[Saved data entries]

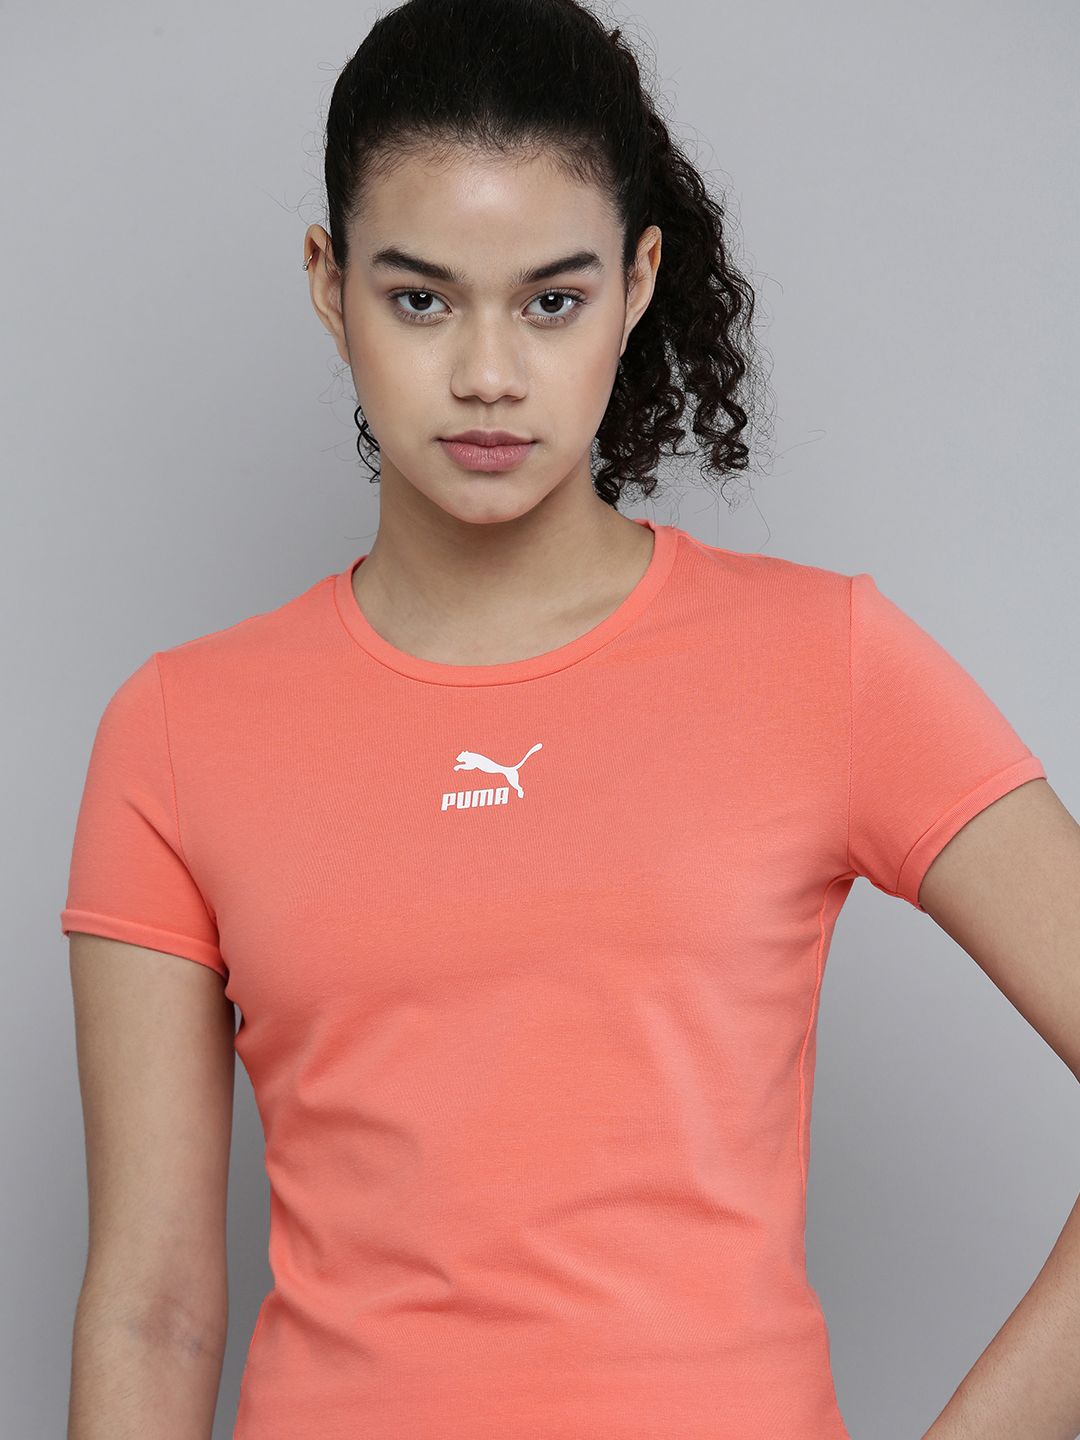 Puma Women Peach-Coloured Solid Classics Fitted Slim Fit Round Neck T-shirt Price in India
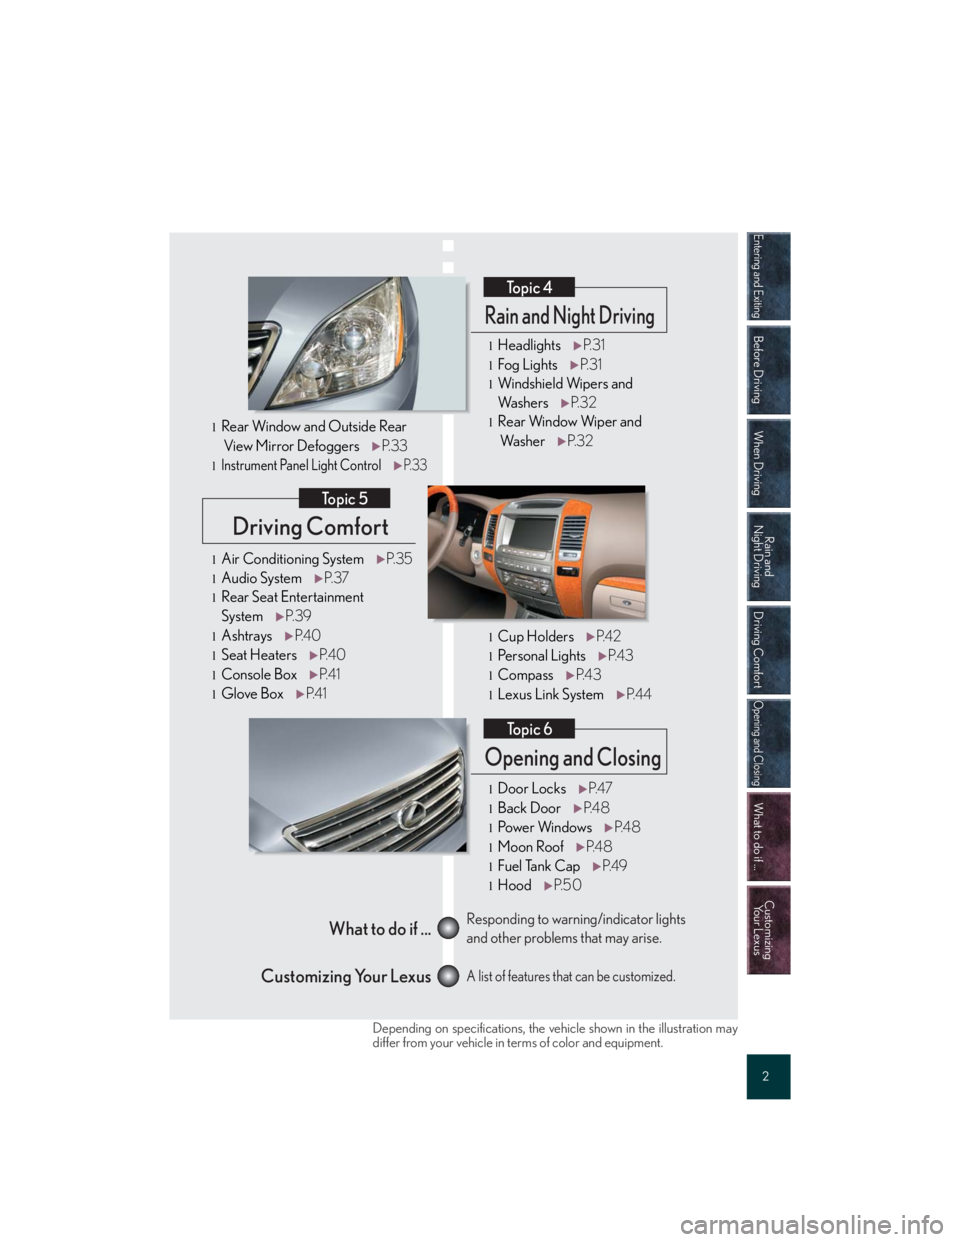 Lexus GX470 2007  Audio/Video System / LEXUS 2007 GX470 QUICK REFERENCE MANUAL Entering and Exiting
Before Driving
When Driving
Rain and 
Night Driving
Driving Comfort
Opening and Closing
What to do if ...
Customizing
Yo u r  L e x u s
2
Driving Comfort
Topic 5
Opening and Closi

▶ [DESCRIPTION OF THE TASK] The lines from the one holding "What to do if ..." to the final line of the entries, both included, are what should be output, exactly and alone.

▶ [FINISHED TASK]
What to do if ...
Customizing
Yo u r  L e x u s
2
Driving Comfort
Topic 5
Opening and Closi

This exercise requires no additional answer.